Posted 28 June 2009 - 07:15 PM

QUOTE (Bellhorn @ Jun 28 2009, 03:03 PM) <{POST_SNAPBACK}>
(it doesn't make much difference, but shouldn't the SD of TQ be .055?).

To be clear on this, this is what arises from the 9-game SD in TQ which seems to be implied by the data in observed variance combined with the assumption of binomial variance in the delta factor. And on second thought, I wonder if it does mess up your first distribution enough so that the results no longer fit actual data as nicely (or I suppose this could actually help raise the SD from 10.3 to 11, I really don't know.)

Anyway, it seems that we can use this approach to definitively solve the question. Basically, we're looking for some approximate factor <= 1 by which to weight binomial variance in order to account for the possibility that the non-identical distribution of win probabilities lowers this quantity in reality. The "null hypothesis" is that this factor (let's call it x) = 1, as in the test you already ran. This gives us a SD in TQ of about .055, which may or may not lead to a distribution that's a best fit for the data. But what happens if we repeat the process for other values of x? If we subtract, say, (0.95 * binomial variance) from the observed variance of 121, the variance in TQ will be slightly higher - using my approximation of the original binomial variance = 40, the SD in TQ is now .056. If you repeat the two distributions under these conditions, with TQ SD = 0.56 in the first distribution, and a binomial distribution with variance compressed by the factor of 0.95 in the second, do the results match actual data better or worse than the original experiment?

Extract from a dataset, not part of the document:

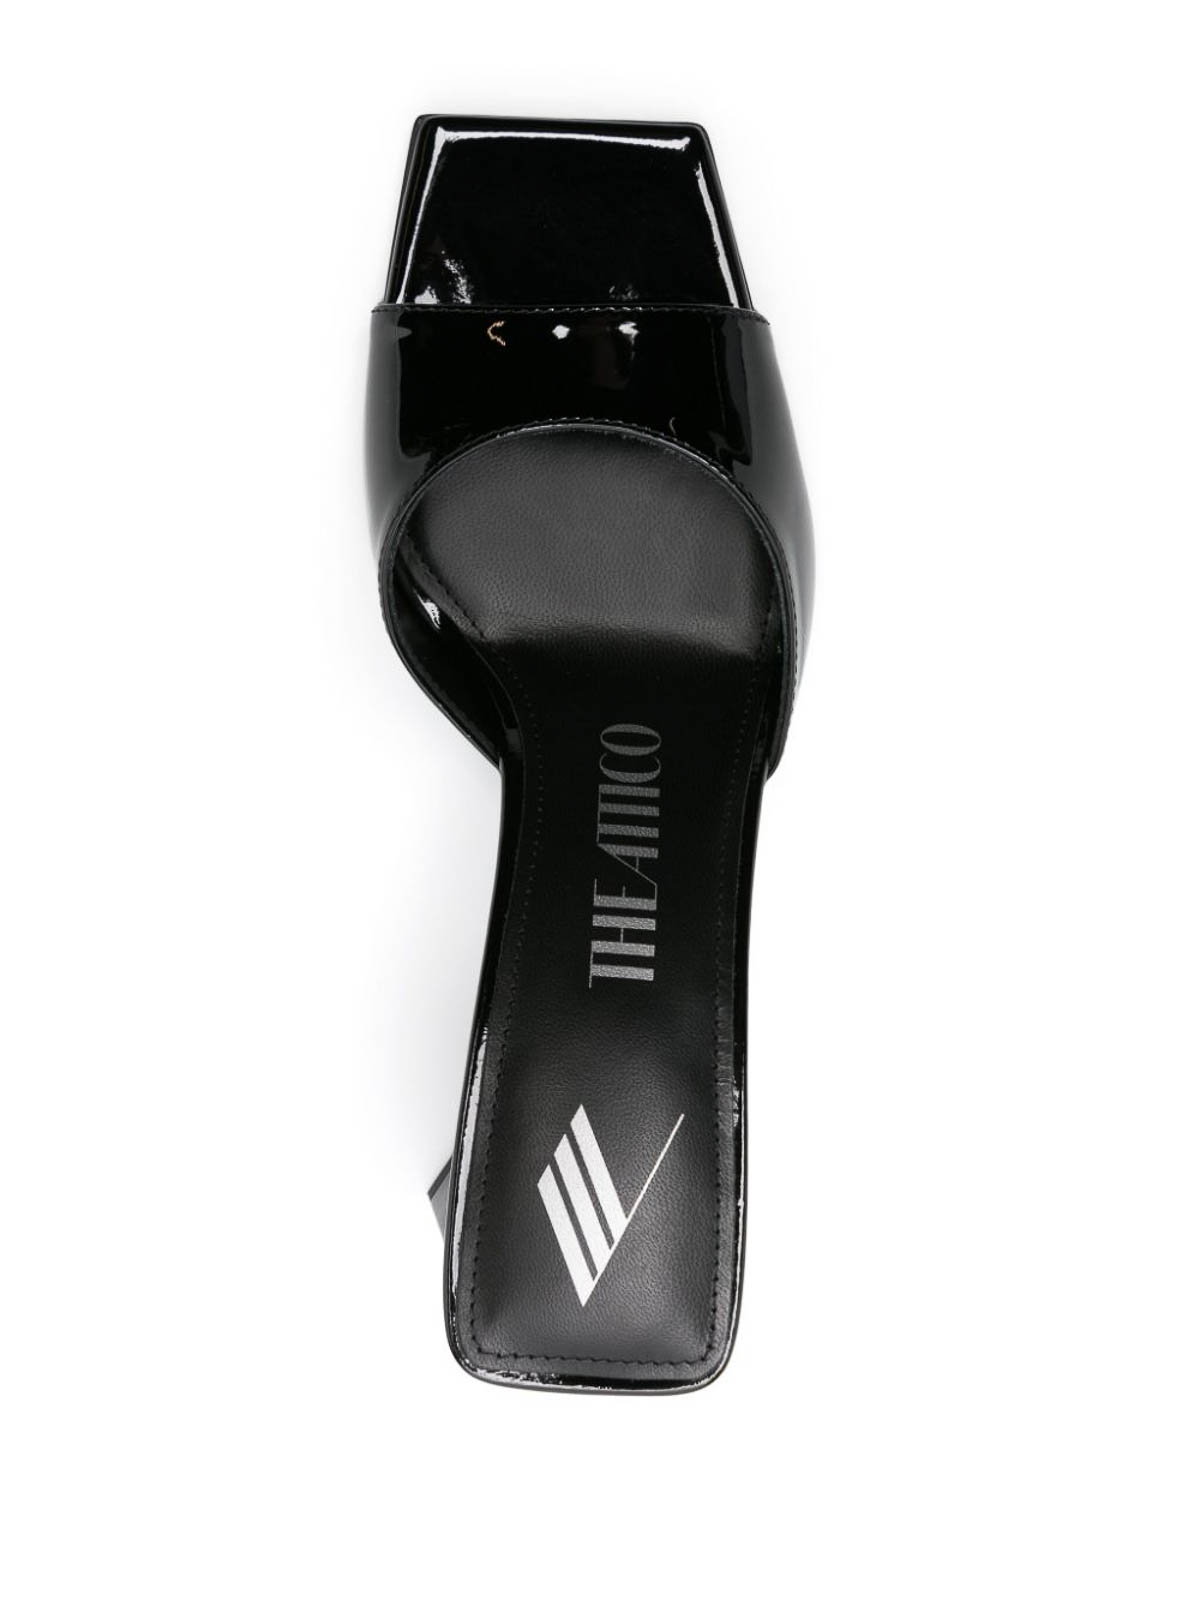 Shop Attico Mini Devon Patent Leather Heel Mules In Black

I have no idea if it's worth the time or effort to do this - I'm technologically retarded myself, so I have no idea what goes into it. But in principle this seems like a brute-force method for pinning down the right answer.

Another point to keep in mind is that the variance in TQ seems to get alarmingly large here - with an SD of .056, a sample of 2000 should generate teams above .700 and below .300. So it's possible that there are some hidden assumptions concerning TQ distribution that need to be addressed. Perhaps it is even flatter than a normal distribution at the outer edges, for some reason.